Relation between ventricular late endocardial activity during intraoperative endocardial mapping and low-amplitude signals within the terminal QRS complex on the signal-averaged surface electrocardiogram.

Noninvasive recording of ventricular late potentials and intraoperative endocardial mapping at 36 sites were performed in 24 patients with left ventricular aneurysm and drug-resistant sustained ventricular tachycardia due to coronary artery disease. Their mean age was 55 +/- 8 years. Mean ejection fraction was 28 +/- 12%. For detection of late potentials on the signal-averaged QRS complex, 3 different algorithms were used. Late potentials were found in 54, 67 and 67% of the patients, respectively. In patients with a late potential on the signal-averaged electrocardiogram (ECG), delayed local activation (greater than 40 ms beyond the QRS complex on the intraoperative surface ECG) was recorded at 5.5, 5.5 and 5.6 endocardial sites. In patients without a late potential, this type of delayed local activation was detected at 2.4, 1.1 and 0.9 of 36 endocardial sites, respectively (p less than 0.05; p less than 0.01; p less than 0.002). The mean delay of local endocardial activity was 38, 35 and 37 ms in patients with a late potential on the body surface recording versus 20, 19 and 11 ms, respectively, in patients without a late potential (p less than 0.05; p less than 0.05; p less than 0.002). There was no correlation between the duration or amplitude of the late potential, if present, and the number of endocardial sites exhibiting delayed activity (r = -0.23, r = -0.05, r = 0.21; correlation not significant for each) or the mean duration of the endocardial delayed activity (r = -0.25, r = -0.14, r = -0.07; correlation not significant for each).

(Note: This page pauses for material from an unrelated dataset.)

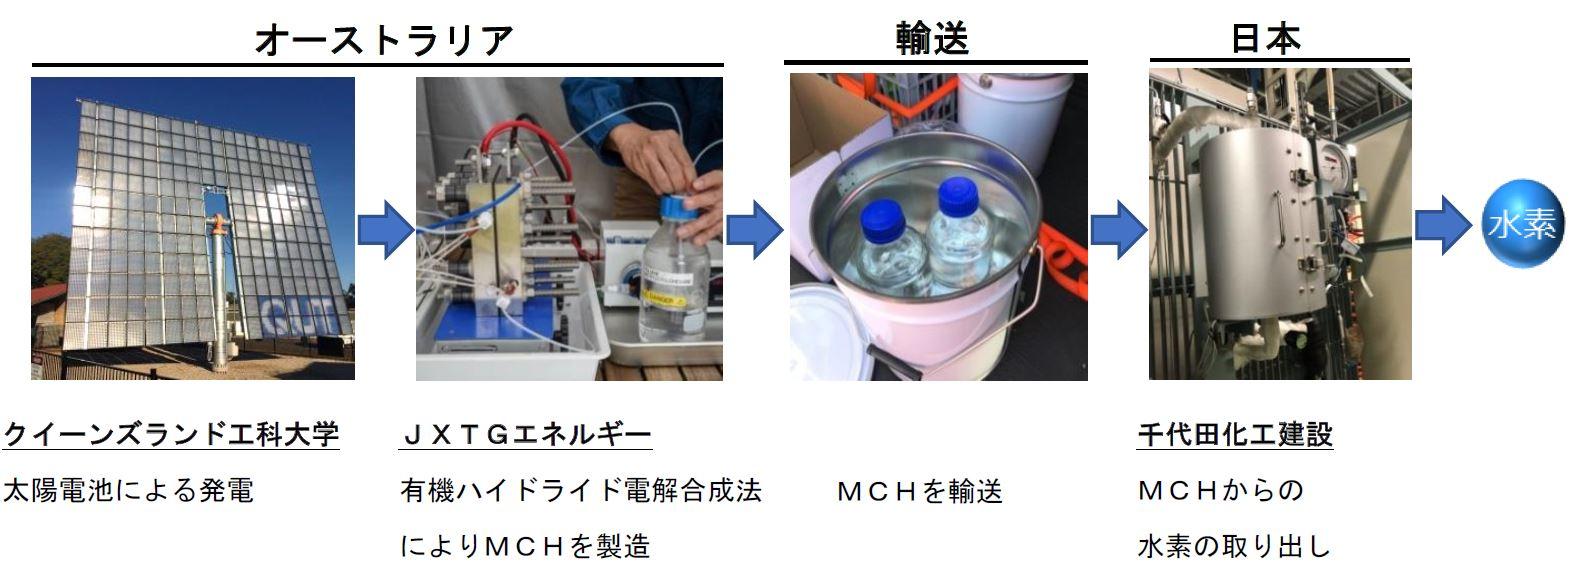 クイーンズランド工科大学 太陽電池による発電、JXTGエネルギー 有機ハイドライド電解合成法によりMCHを製造、MCHを輸送、千代田化工建設 MCHからの 水素の取り出し
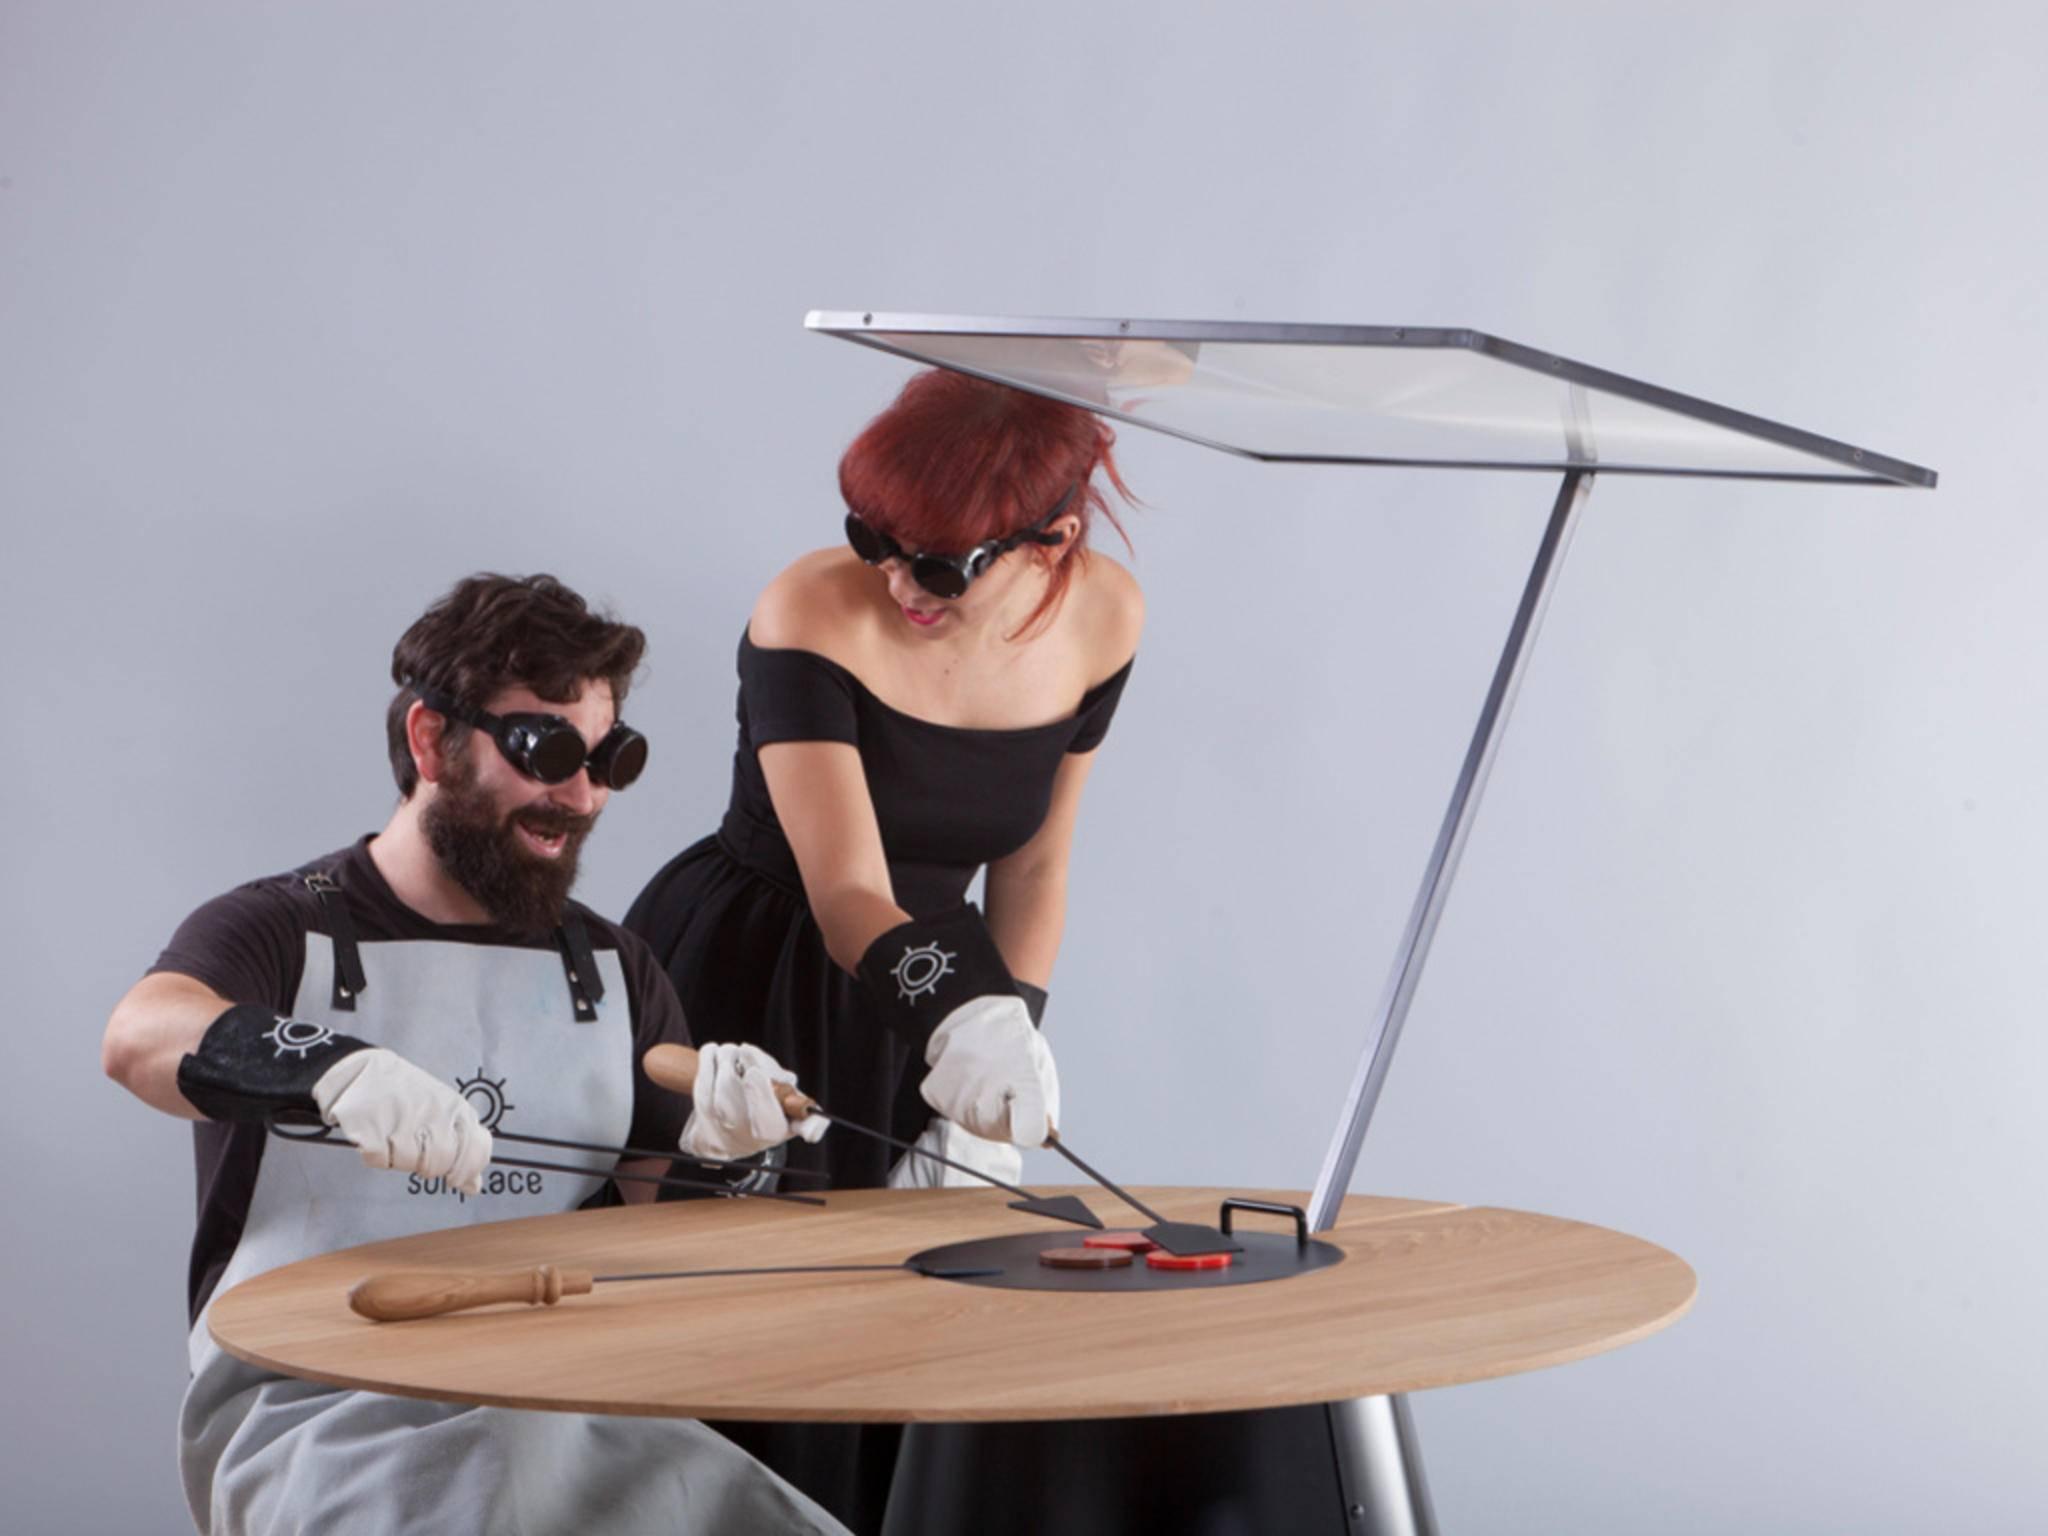 Beim Grillen am Solargrill muss man eine bestimmte Schutzkleidung anziehen.

These results indicate that the presence of late potentials on the signal-averaged surface ECG is related to the mean duration of endocardial late activity as well as to the number of endocardial sites exhibiting a given degree of delayed activation. Thus, it is dependent on the mass of slowly activated tissue. However, a direct conclusion from the duration or the amplitude of a late potential to the amount of delayed activation or the extent of endocardial time delay does not seem possible.